4.4 checking the use of set types

Cassandra provides several data types to store multiple values in a single column: lists, collections, and maps. Each type requires defining the type of elements in the collection when creating tables. The collection type is:


The entire contents of the collection are serialized and stored as a value. This type solves some of the problems described below, but does not allow you to update individual elements of the collection.


The collection is stored in a separate cell as a set of individual elements.


Collection types are easy to develop. Please consider the following factors when using:

  • The extra load used to preserve metadata for individual elements when using unfrozen collections. This includes the write timestamp and optional TTL. For list types, the element index using UUID (16 bytes per element) requires additional load to store.

  • When an insert or full update of a non frozen set occurs, for example, when one value replaces another value of a column (for example, update table set field = New_ value…) Cassandra inserts a tombstone marker to prevent overlapping with previous data, even if the data has not existed before. A large number of tombstones can seriously affect the reading performance.

  • There is an upper limit to the number of elements in the collection. For Cassandra 3.0.1 / 3.1 and later: 2 billion. For earlier versions: 65535. An excessive number of elements can exceed the maximum write size limit when accessing data in a non frozen collection or using a frozen collection, resulting in performance problems. In addition, when reading a sequence with a collection type, its entire content will be returned, so the transmission of such a large amount of data may damage performance.

  • For the unfrozen collection, after a single element is inserted and updated, the data may be scattered among multiple sstables, and the actual column value needs to be rebuilt after being read, which may lead to performance degradation.

  • Since read repair does not propagate tombstones, the contents of collections with deleted elements may be affected. This happens because custom tombstones as delete marks are not propagated.

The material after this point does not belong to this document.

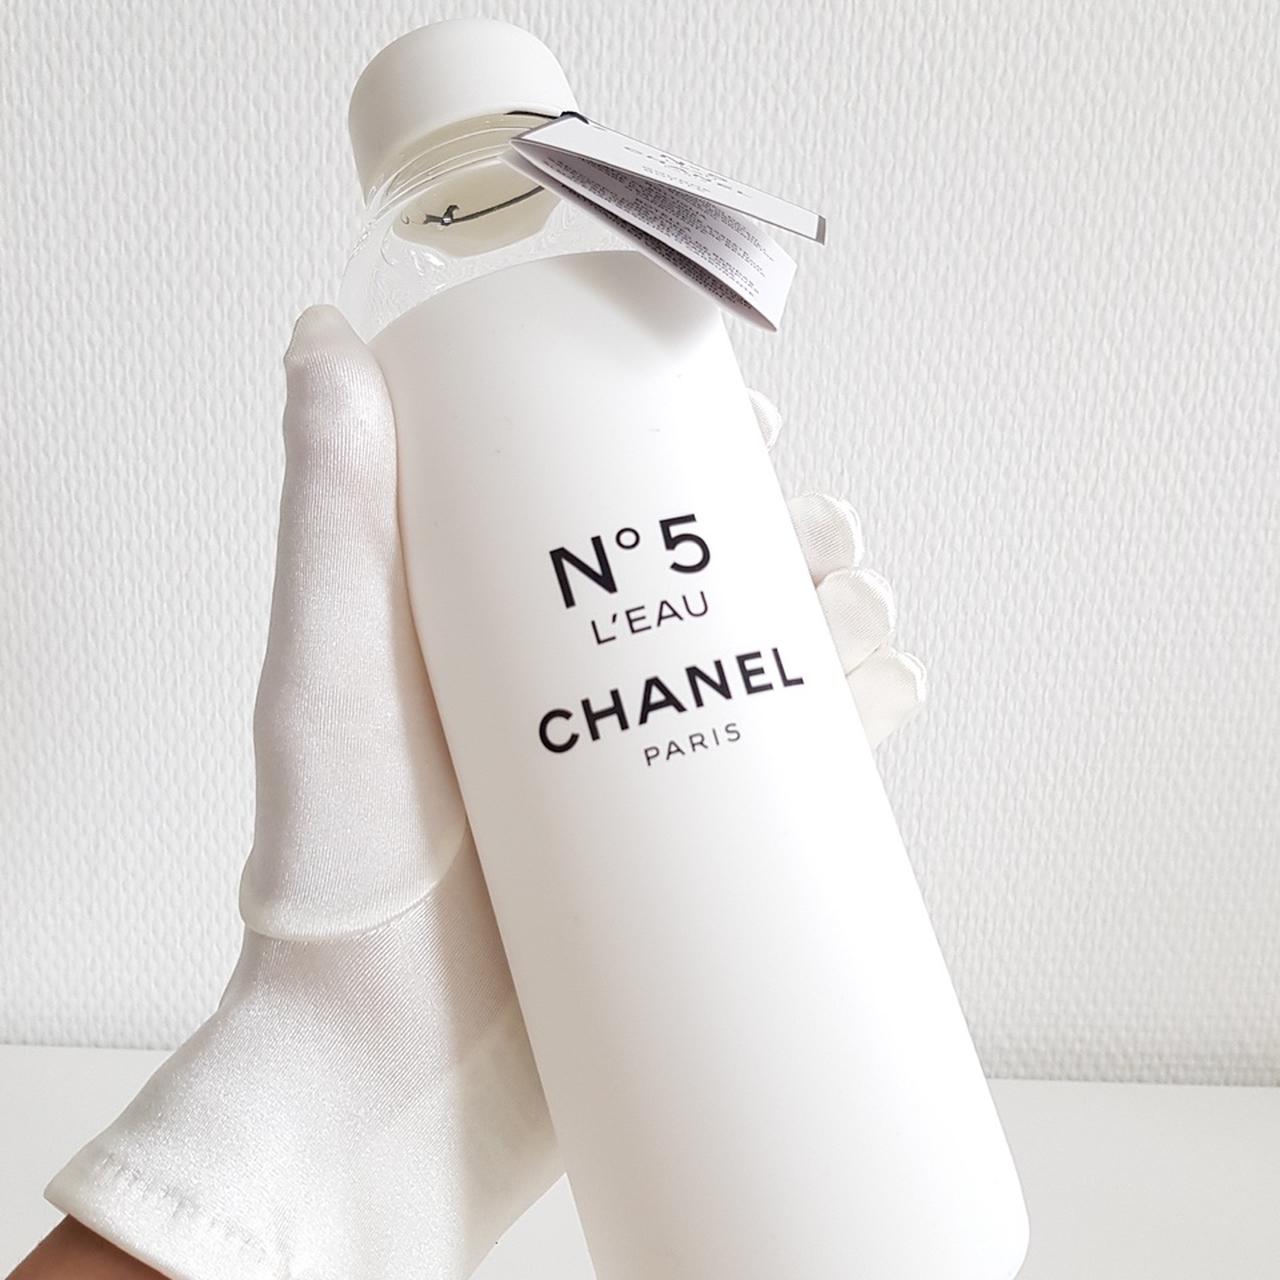 Chanel no 5 edt 2 oz full splash bottle

Following these rules can alleviate the problems listed above:

  • Use frozen collections until it is necessary to update individual elements.

  • Keep the number of elements in all collection types in the order of tens, and the maximum number is hundreds. The contents of the collection column are read as a whole, so if there are too many elements, there will be a read problem because the maximum possible size of the page is 256 MB.

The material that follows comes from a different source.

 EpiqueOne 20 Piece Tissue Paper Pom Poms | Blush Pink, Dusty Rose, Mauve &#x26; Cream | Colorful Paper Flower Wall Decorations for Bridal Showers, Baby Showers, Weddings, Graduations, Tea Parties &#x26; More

Note: when a query returns many rows, it is inefficient to return them as a single response message. Instead, the driver divides the results into pages that are returned as needed. The application can control how many rows are included in a single page, but the maximum page size is defined by the native protocol.

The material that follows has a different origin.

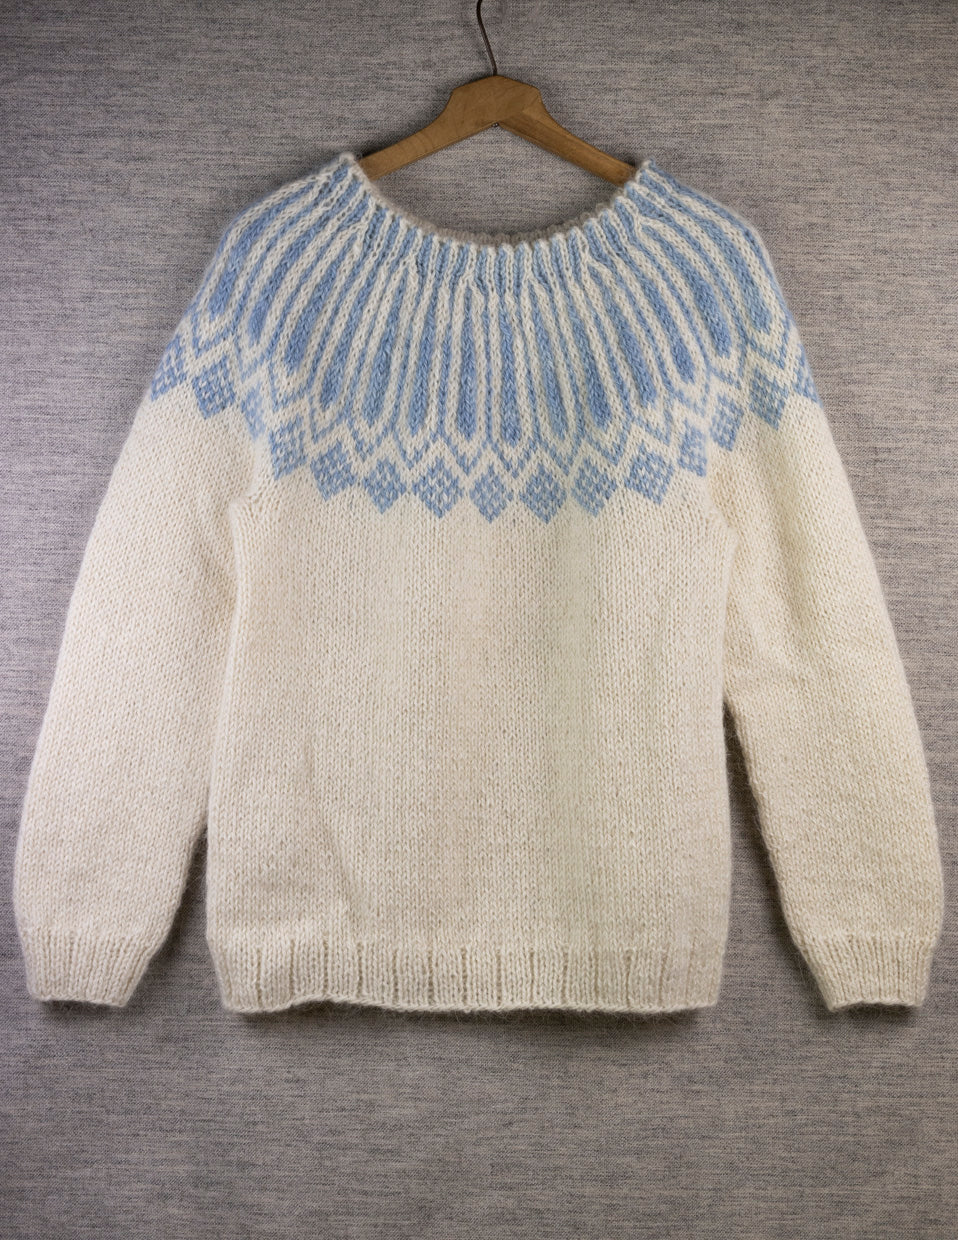 MARKUS, sweater in SAND, knitting kit

  • To prevent tombstones from being created, you can use append operations on columns when you insert data into a collection or map (or perform a full update of the set or map) if you know that no data existed before. For example:



m map



Not using:

INSERT INTO test.m1(id, m) VALUES (1, {1:'t1', 2:'t2'});


UPDATE test.m1 SET m = {1:'t1', 2:'t2'} WHERE id = 1;



That will generate a tombstone, execute:

UPDATE test.m1 SET m = m + {1:'t1', 2:'t2'} WHERE id = 1;


In this case, the result is the same, but no tombstone is generated.


If only one column in the table has a collection type, you can model it as another cluster column. For example:



m map



You can create this table without a mapped column (use the same method for sets and lists):


id int,

m_key int,

m_value text,

PRIMARY KEY(id, m_key)



You can do this by omitting M_ Key to select all values for a particular partition, or to select only specific elements by providing a complete primary key. This is a greater advantage than a set type column that will be returned as a whole.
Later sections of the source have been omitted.